*Task*:
Somewhere below, one line contains "Low-poly, PBR. Includes High-poly files." and a later line contains "avatrass 3d model". Output those two lines and everything between them exactly, and nothing else.

*The data*:
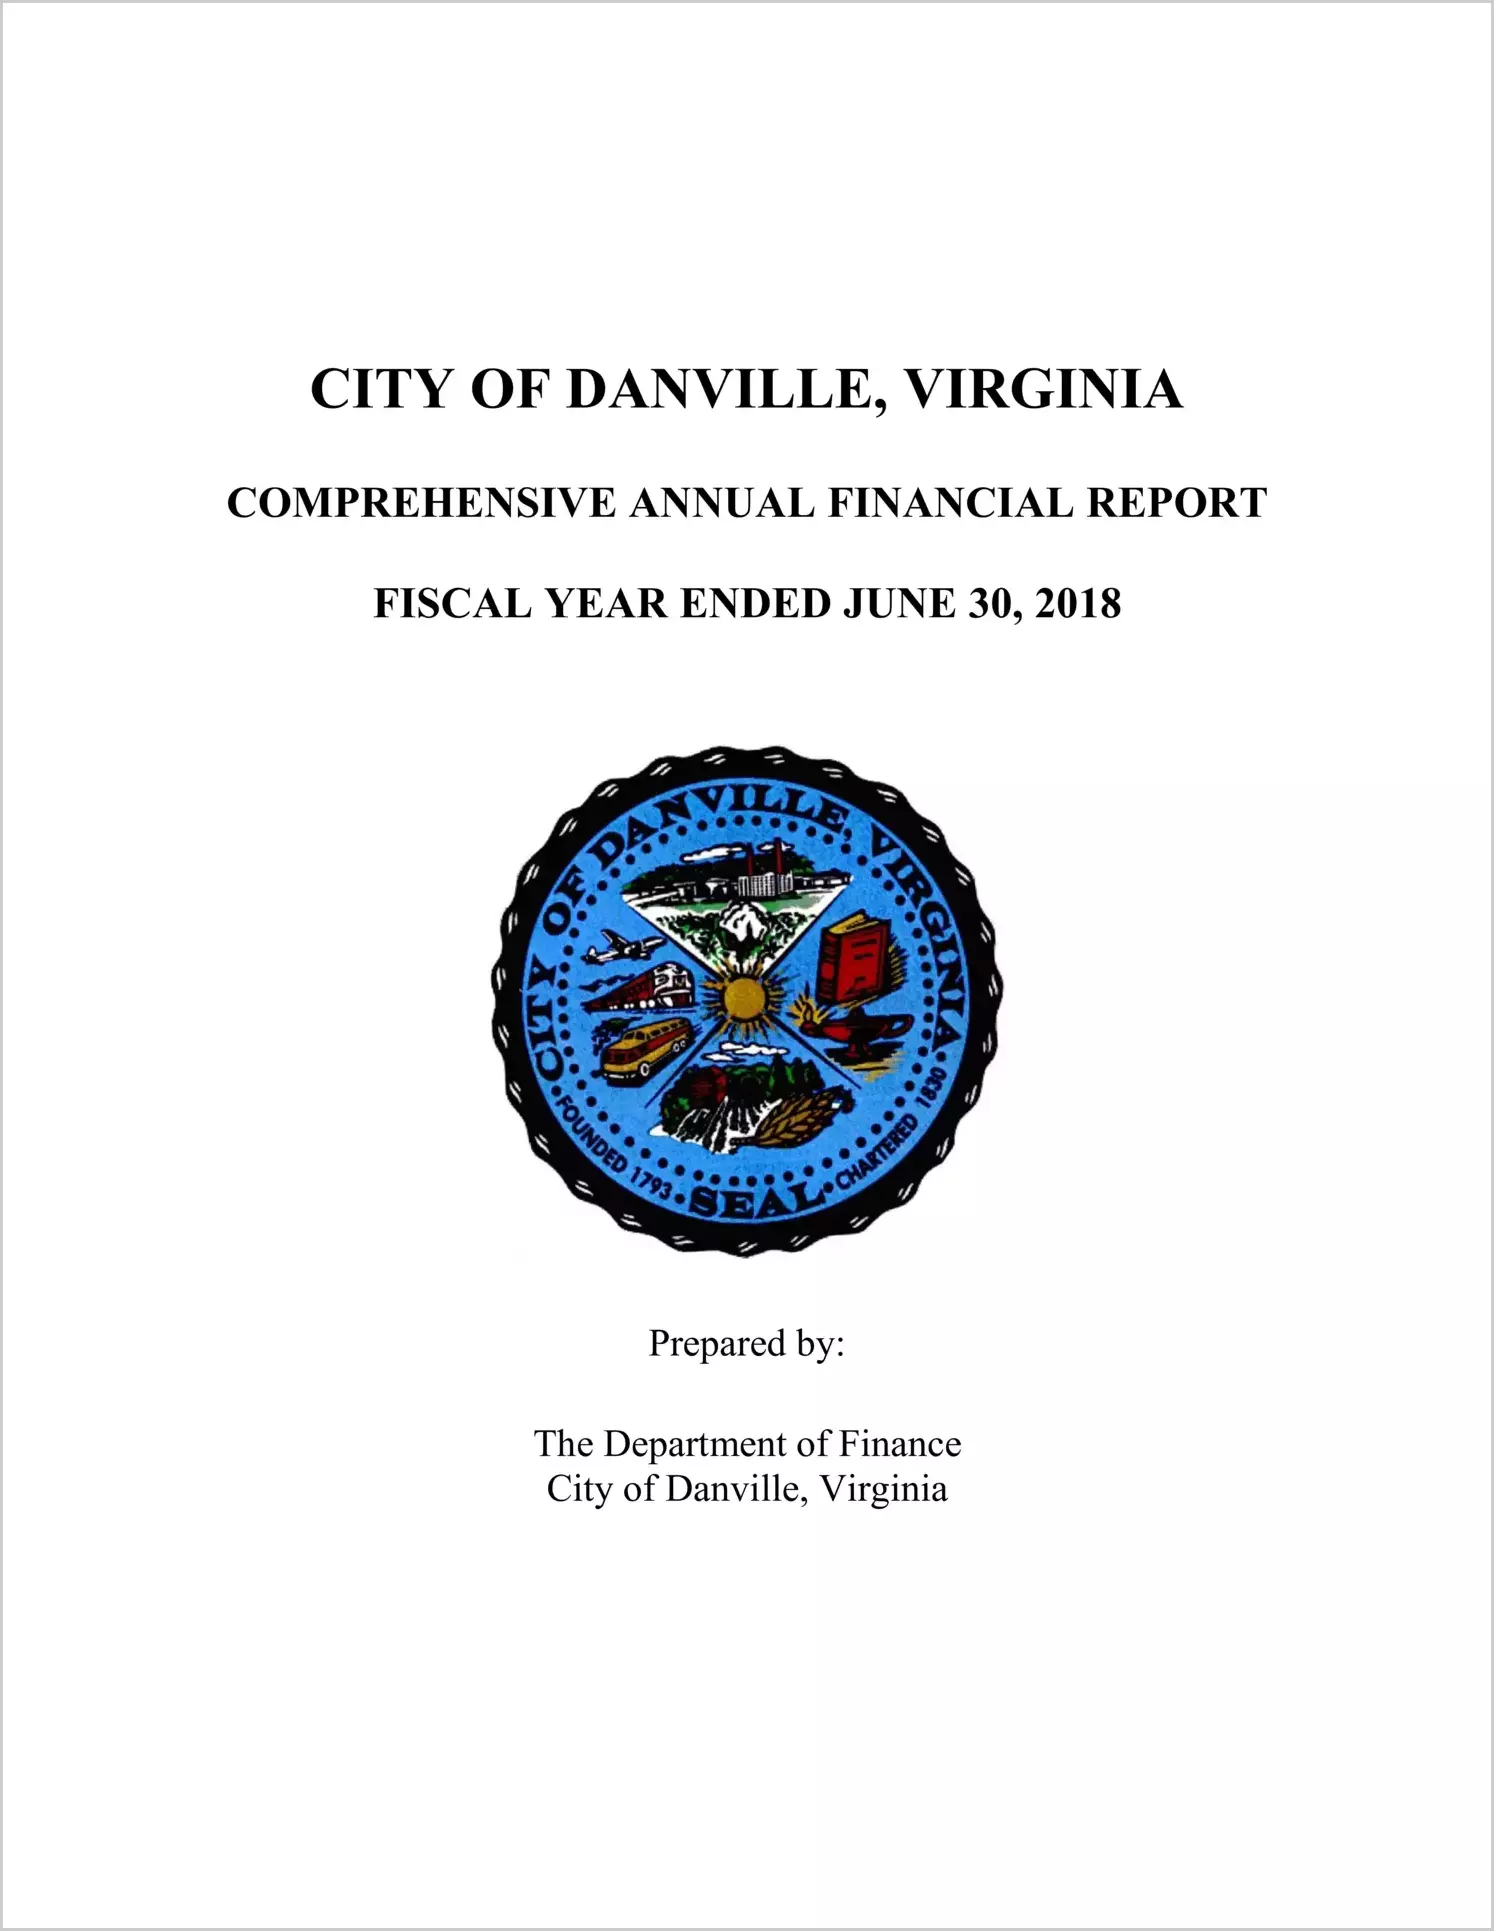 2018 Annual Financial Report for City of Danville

...

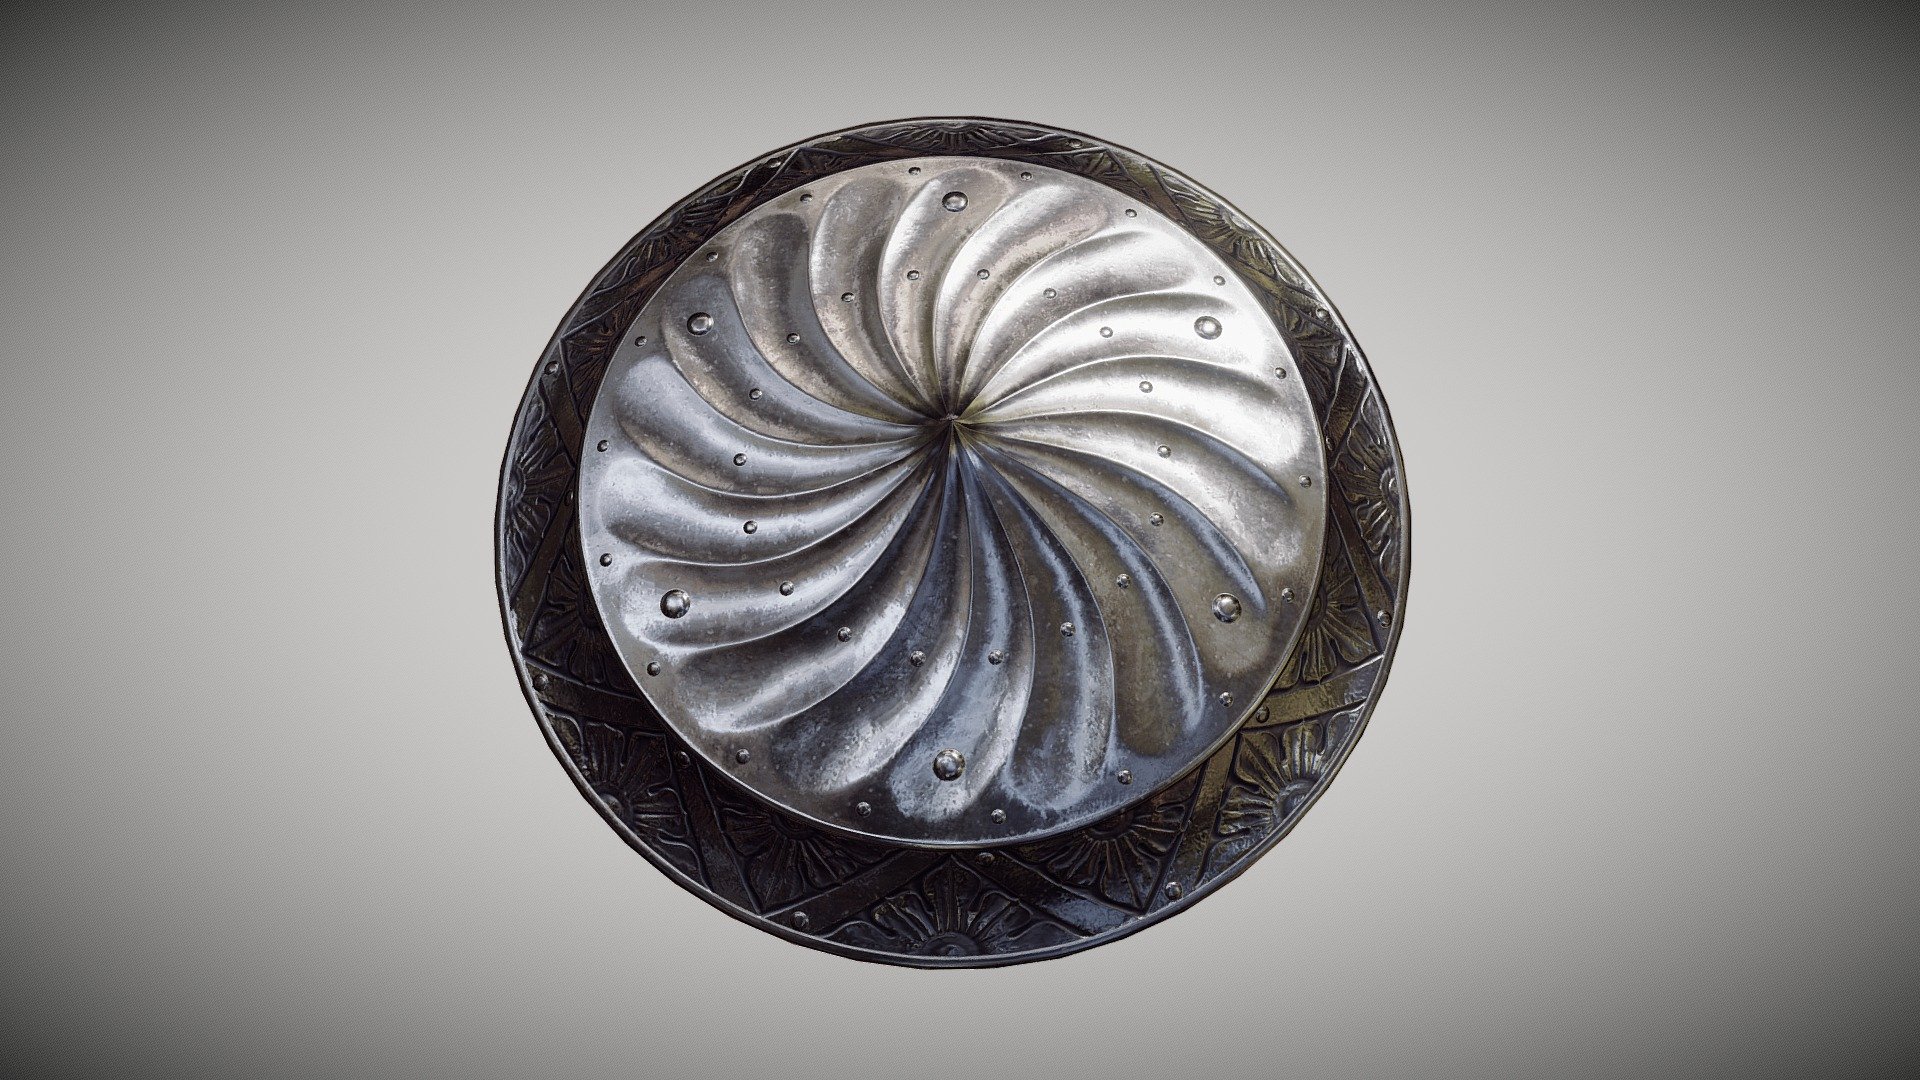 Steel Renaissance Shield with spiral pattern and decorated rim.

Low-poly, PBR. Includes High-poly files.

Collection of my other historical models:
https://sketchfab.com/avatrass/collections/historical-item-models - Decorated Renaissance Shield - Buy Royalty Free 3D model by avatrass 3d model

--

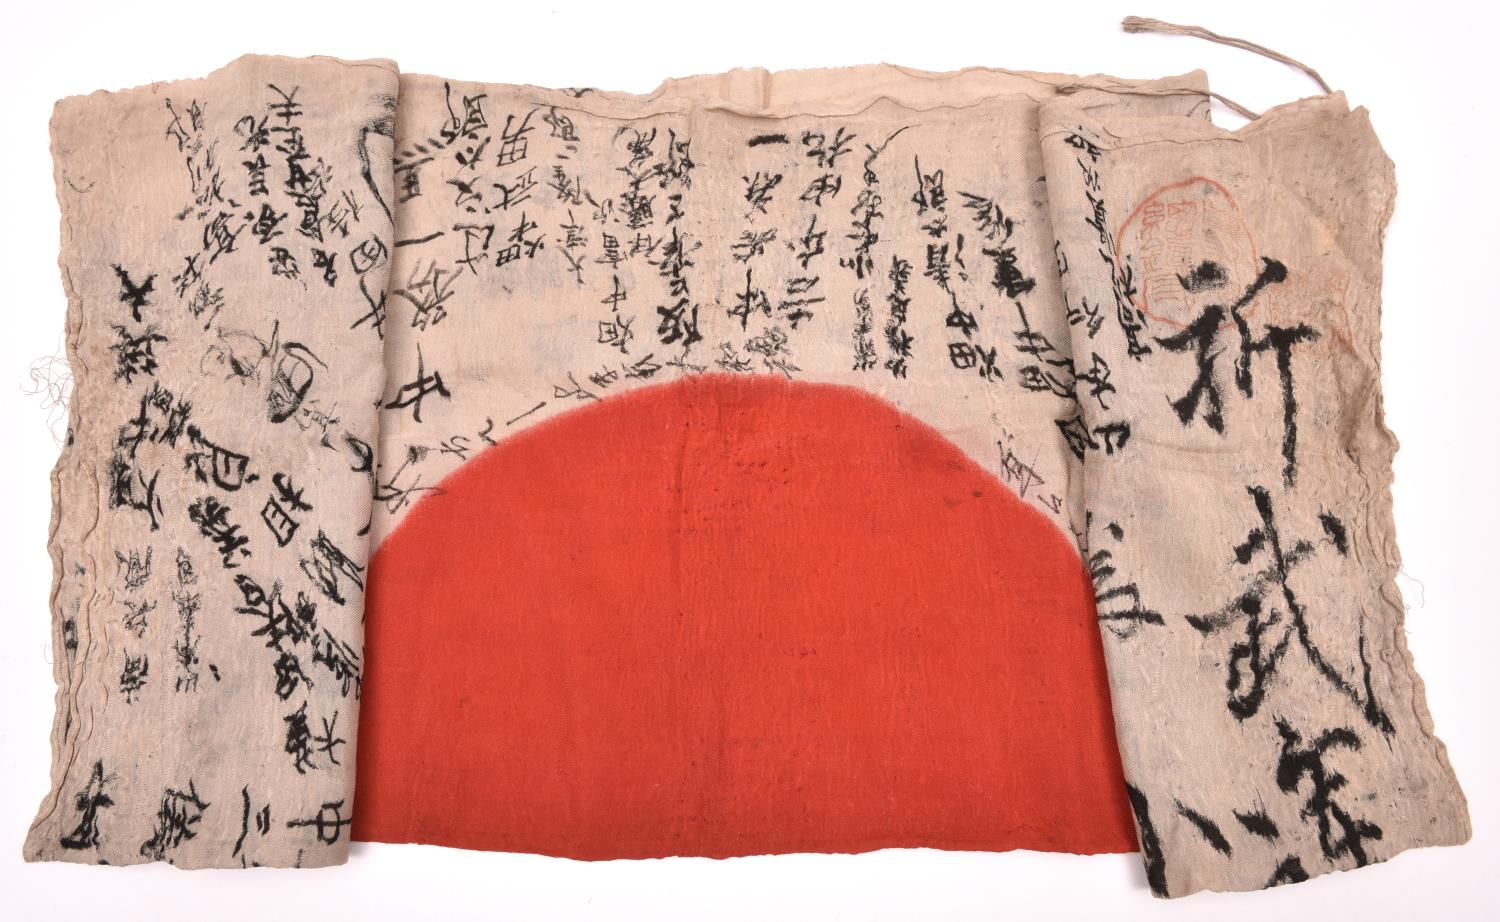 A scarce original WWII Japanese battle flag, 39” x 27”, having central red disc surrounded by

*Result for this task*:
Low-poly, PBR. Includes High-poly files.

Collection of my other historical models:
https://sketchfab.com/avatrass/collections/historical-item-models - Decorated Renaissance Shield - Buy Royalty Free 3D model by avatrass 3d model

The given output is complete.